Effect of different dosage regimens of mycophenolate mofetil (MMF) on percentage of red blood cells (RBC%) and platelets in cats (n = 24)
| Cat and dosage | RBC% pre-MMF | RBC% post-MMF | Platelet (200–500 ×103/μl) pre-MMF | Platelet (200–500 ×103 /µl) post-MMF |
|---|---|---|---|---|
| 5 mg/kg IV once | ||||
| 1 | 33 | 23 | 144,000 | 109,000 |
| 2 | 30 | 32 | 51,000 (large platelets) |
211,000 |
| 10 mg/kg IV q12h | ||||
| 3 | 51 | 46 | 140,000 (many aggregates) |
15,000 (large platelets) |
| 20 mg/kg IV q12h | ||||
| 4 | 43 | 30 | 175,000 | 299,000 |
| 5 | 44 | 36 | 339,000 | 167,000 |
| 6 | 40 | 36 | 330,000 | 61,000 (large platelets, many aggregates) |
| 7 | 39 | 36 | 493,000 | 35,000 (platelet aggregates) |
| 8 | 39 | 32 | 367,000 | 541,000 |
| 9 | 37 | 37 | 96,000 (many platelet aggregates) |
485,000 |
| 10 mg/kg IV q12 × 3 days | ||||
| 10 | 40 | 29 | 372,000 | 91,000 (large platelets, aggregates) |
| 11 | 33 | 30 | 494,000 | 105,000 (large platelets, aggregates) |
| 12 | 35 | 35 | 590,000 | 72,000 (large platelets) |
| 13 | 32 | 30 | 145,000 (platelet aggregates) |
81,000 |
| 14 | 34 | 32 | 482,000 | 186,000 (large platelets) |
| 10 mg/kg PO q12h × 1 week | ||||
| 15 | 48 | 32 | 212,000 | 187,000 (large platelets, aggregates) |
| 16 | 33 | 32 | 390,000 | 222,000 |
| 17 | 39 | 34 | 380,000 | 161,000 (large platelets) |
| 15 mg/kg PO q12h × 1 week | ||||
| 18 | 29 | 32 | 301,000 (platelet aggregates) |
84,000 |
| 19 | 36 | 31 | 468,000 (large platelets) |
90,000 (platelet aggregates) |
| 20 | 39 | 34 | 250,000 | 43,000 (large platelets, many aggregates) |
| 15 mg/kg PO q8h × 1 week | ||||
| 21 | 39 | 27 | 382,000 | 92,000 (large platelets) |
| 22 | 36 | 31 | 304,000 (platelet aggregates) |
163,000 |
| 23 | 26 | 26 | 190,000 (platelet aggregates) |
207,000 |
| 24 | 29 | 28 | 219,000 | 96,000 |
Discussion
To our knowledge, this is the first report of the short-term safety of IV and oral MMF administration in healthy cats. In this study, no serious adverse clinical effects were noted during IV or oral MMF administration. The diarrhea observed was self-limiting (MMF was discontinued) and no therapy was instituted. The one cat that developed hyporexia responded within 24 h of discontinued MMF and the administration of maropitant (Cerenia) and a dose of mirtazapine. The side effects that were seen in the cats followed a dose-dependent trend and the changes noted were reversible. To date, there is only one published paper describing the use of MMF in two cats with immune-mediated hemolytic anemia in which no reaction to MMF was noted; however, MMF was administered orally at 10 mg/kg q12h, not IV. 9
Diarrhea was the most frequent adverse drug event in this study.
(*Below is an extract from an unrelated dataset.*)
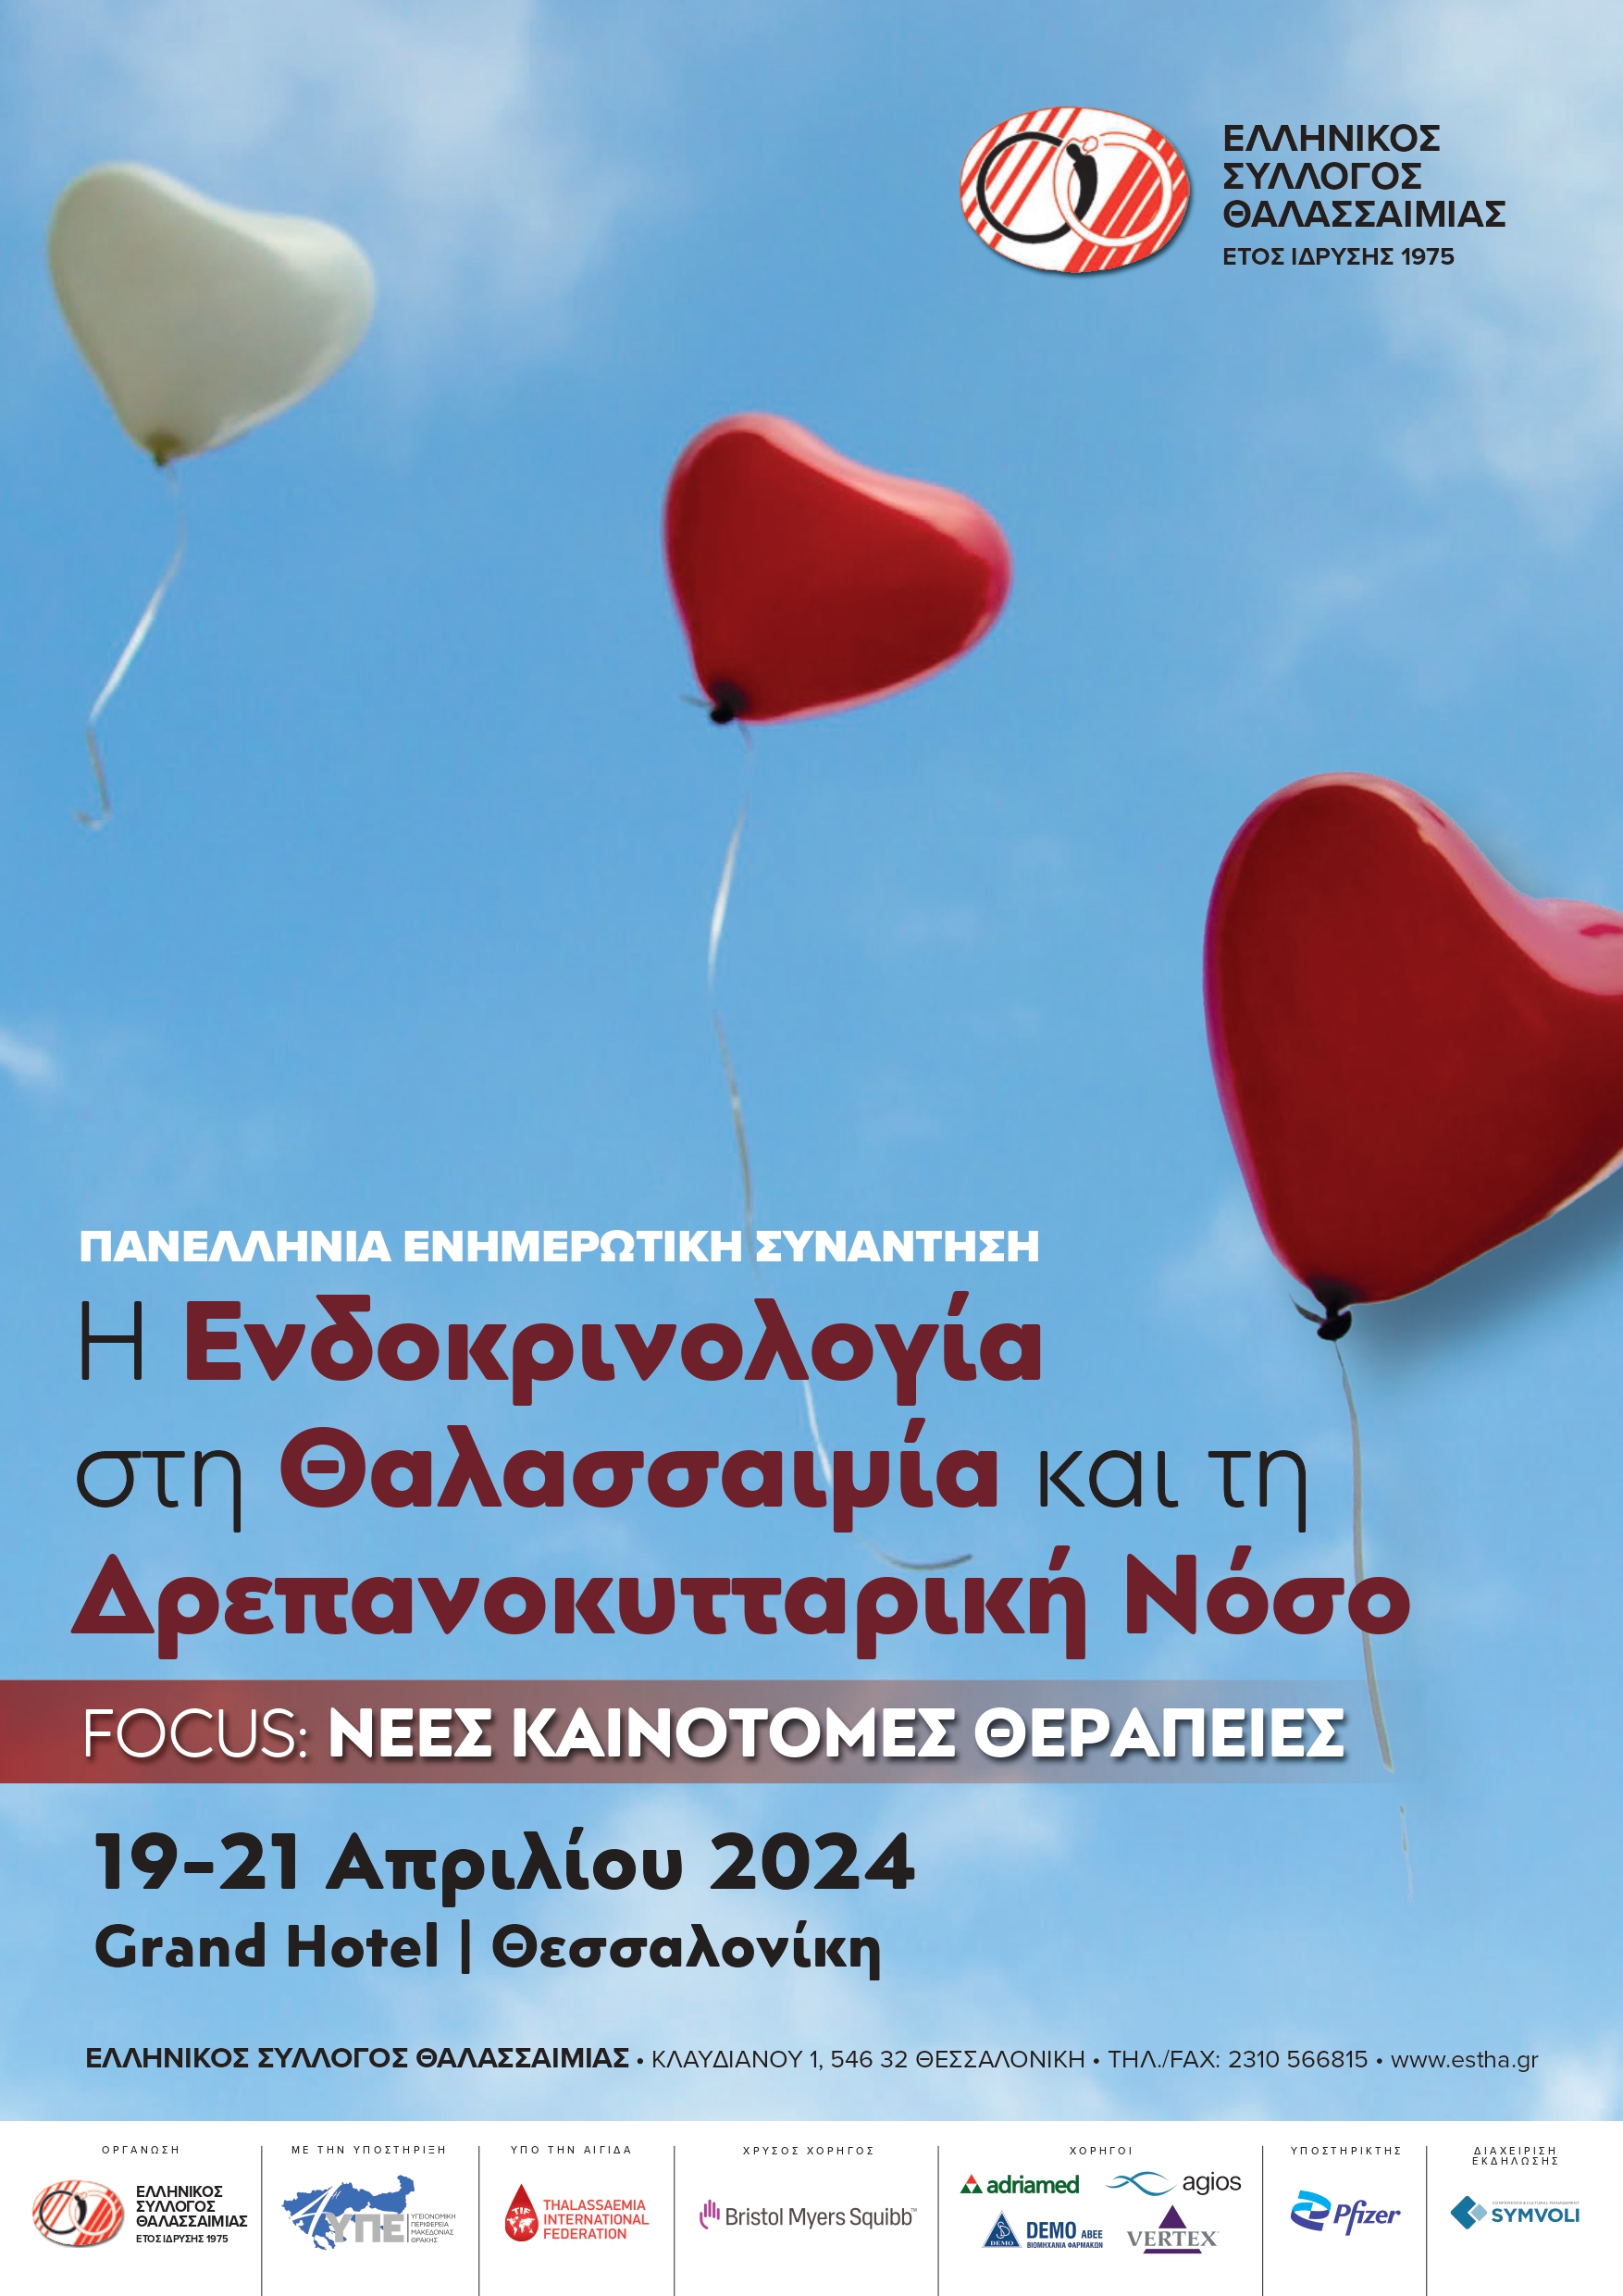 Δελτίο Τύπου - Πανελλήνια Εκδήλωση του Ελληνικού Συλλόγου Θαλασσαιμίας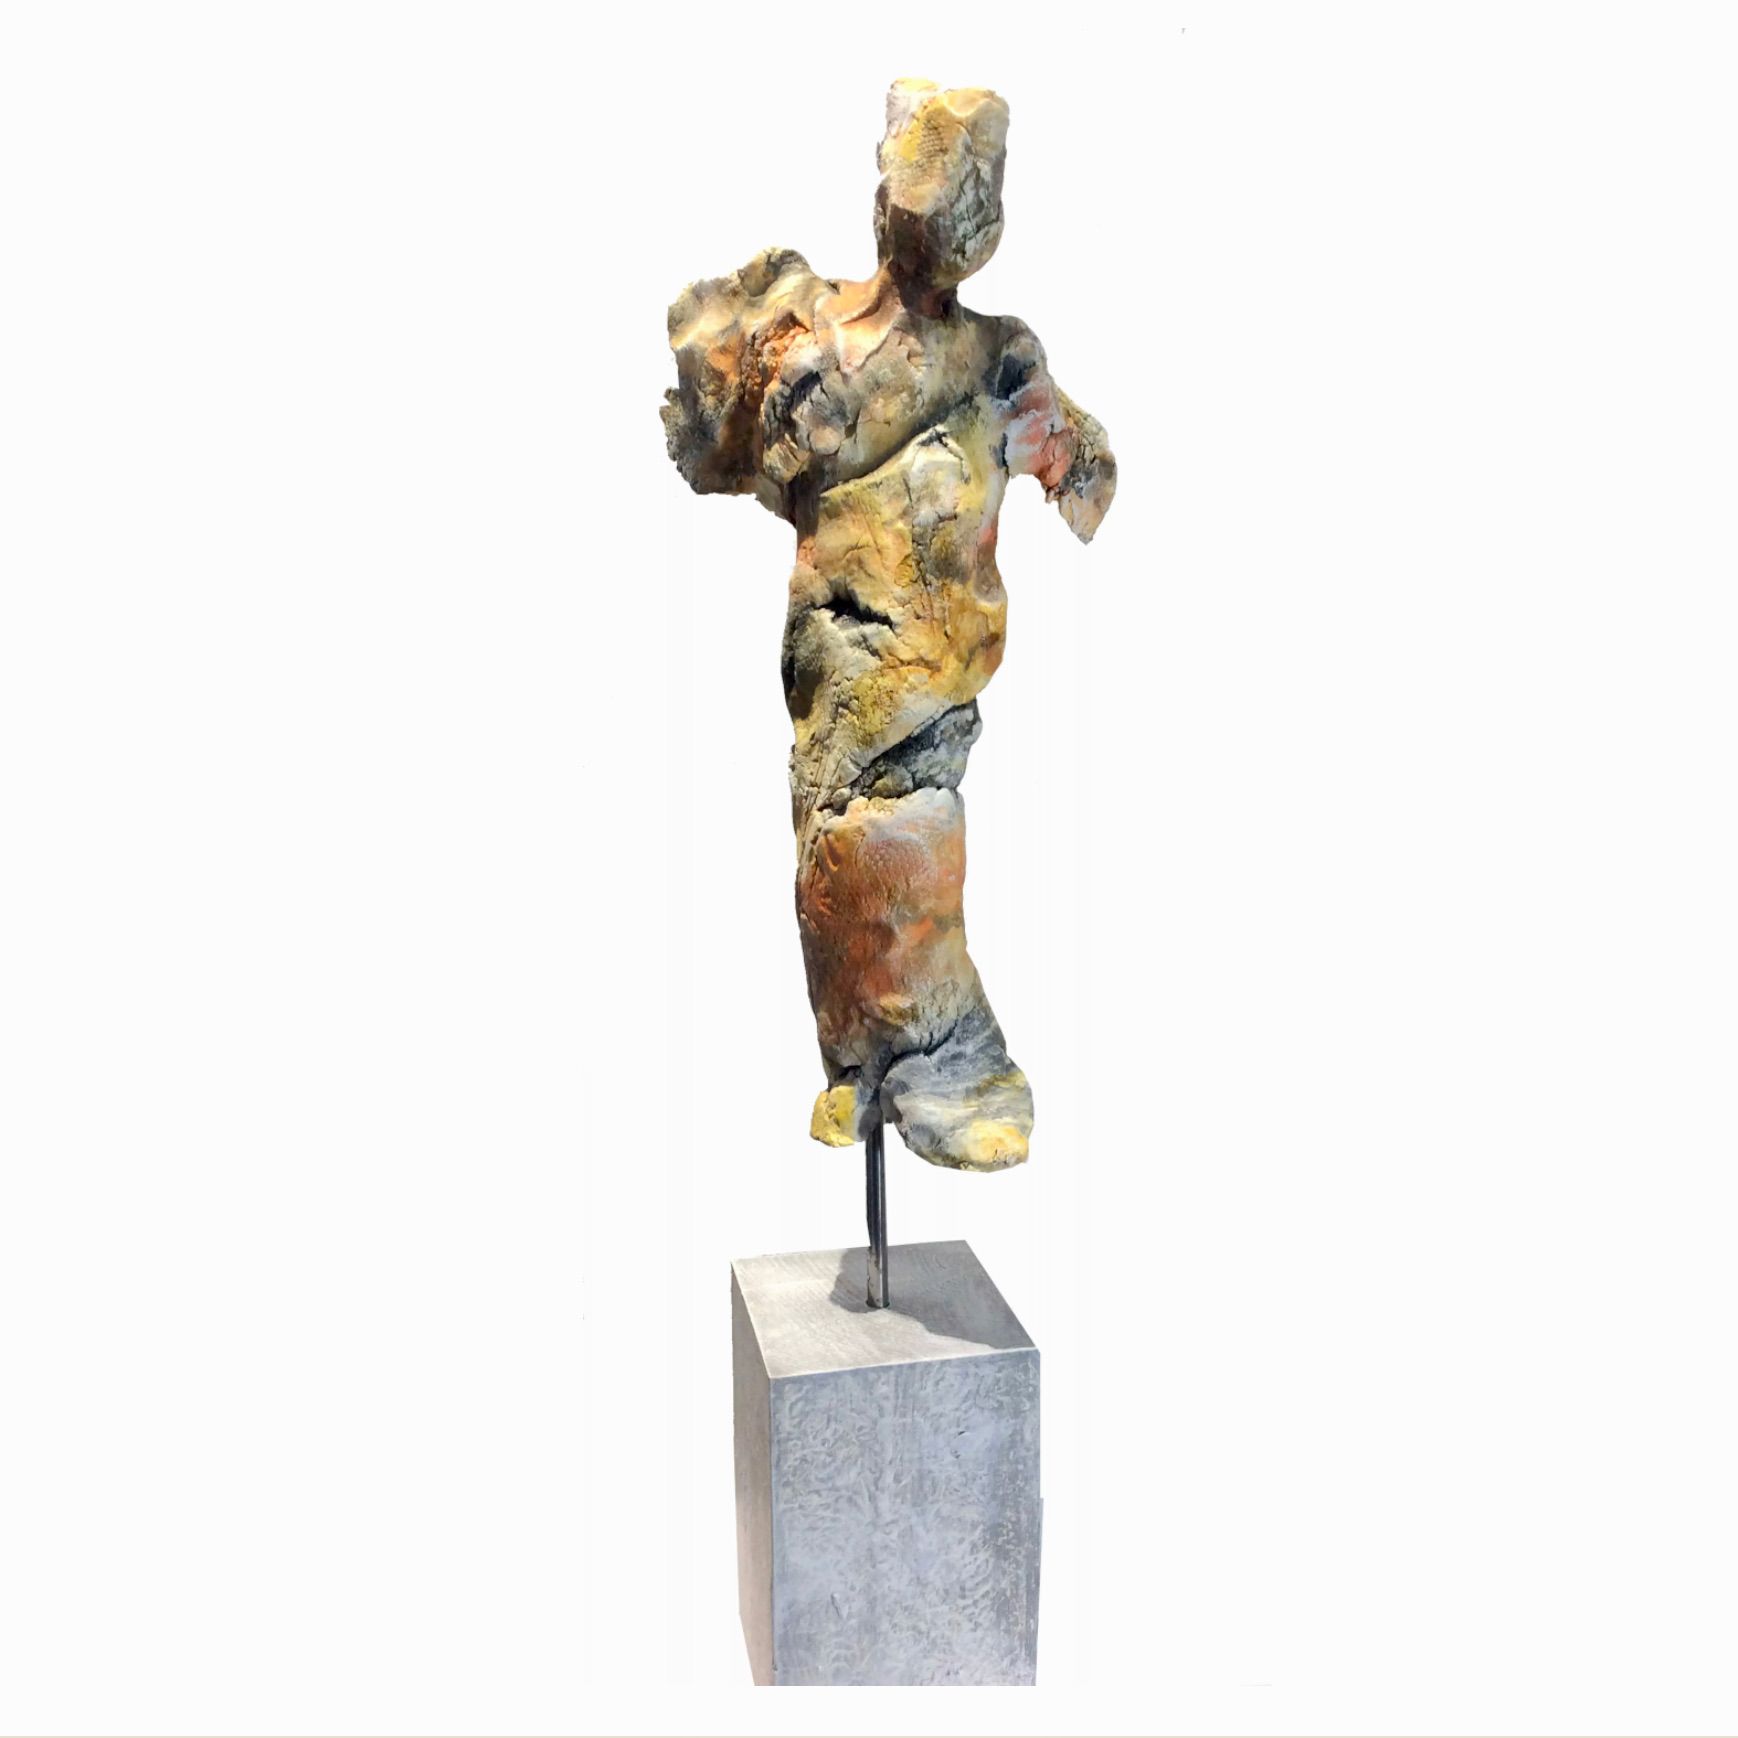 La "FIGURINE NR. XII" de Ilona Schmidt muestra una escultura de un cuerpo modelado de arcilla, cocida, con peana de madera y pátina de color frío.

Four of 14 cats (29%) of the IV patient population had an isolated episode of loose stool following medication administration. In the cats that had an episode of diarrhea, there was variability when it occurred. Two of four cats had a loose stool within 12 h of drug administration, one had an episode at 24 h and the last at 48 h. We suspect that the diarrhea seen in two cats at 12 h was likely the result of the MMF administration; however, we are skeptical of the later onset of loose stool for the remaining two cats. In all cases, the diarrhea was self-limiting and did not require any additional medical intervention. The frequency of diarrhea seems to be dose dependent. All the cats treated orally with 15 mg/kg of MMF q8h had diarrhea. In contrast, only one of the cats treated with a lower daily dose showed signs of diarrhea. Dose-related gastrointestinal side effects have been reported in human and canine patients.3,5–7 The exact cause of the gastrointestinal side effects remains unknown, but it has been suggested that enterohepatic recycling of the active drug mycophenolic acid (MPA) and/or the accumulation of one of MMF metabolites (MPA acyl glucuronide) may contribute to this side effect.2,3
Although 19/24 cats had a lower packed cell volume at conclusion of the study, this was to be expected, as blood was collected for pharmacokinetic/pharmacodynamic evaluation. All cats had no more than a total of 9 ml/kg of blood sampled (range 5–9 ml/kg). Additionally, as dual-port sampling catheters were used, periodic flushing with heparinized sodium chloride solution of both ports occurred and may have diluted the total blood volume and measured RBC percentage. Total WBC values were not below the reference interval (RI) in any of the cats. In fact, five cats had total WBC counts above the RI, but this may be a result of stress or excitation at the time of blood sampling. There did not seem to be a dose-dependent trend when evaluating the RBC percentages or the total WBC count.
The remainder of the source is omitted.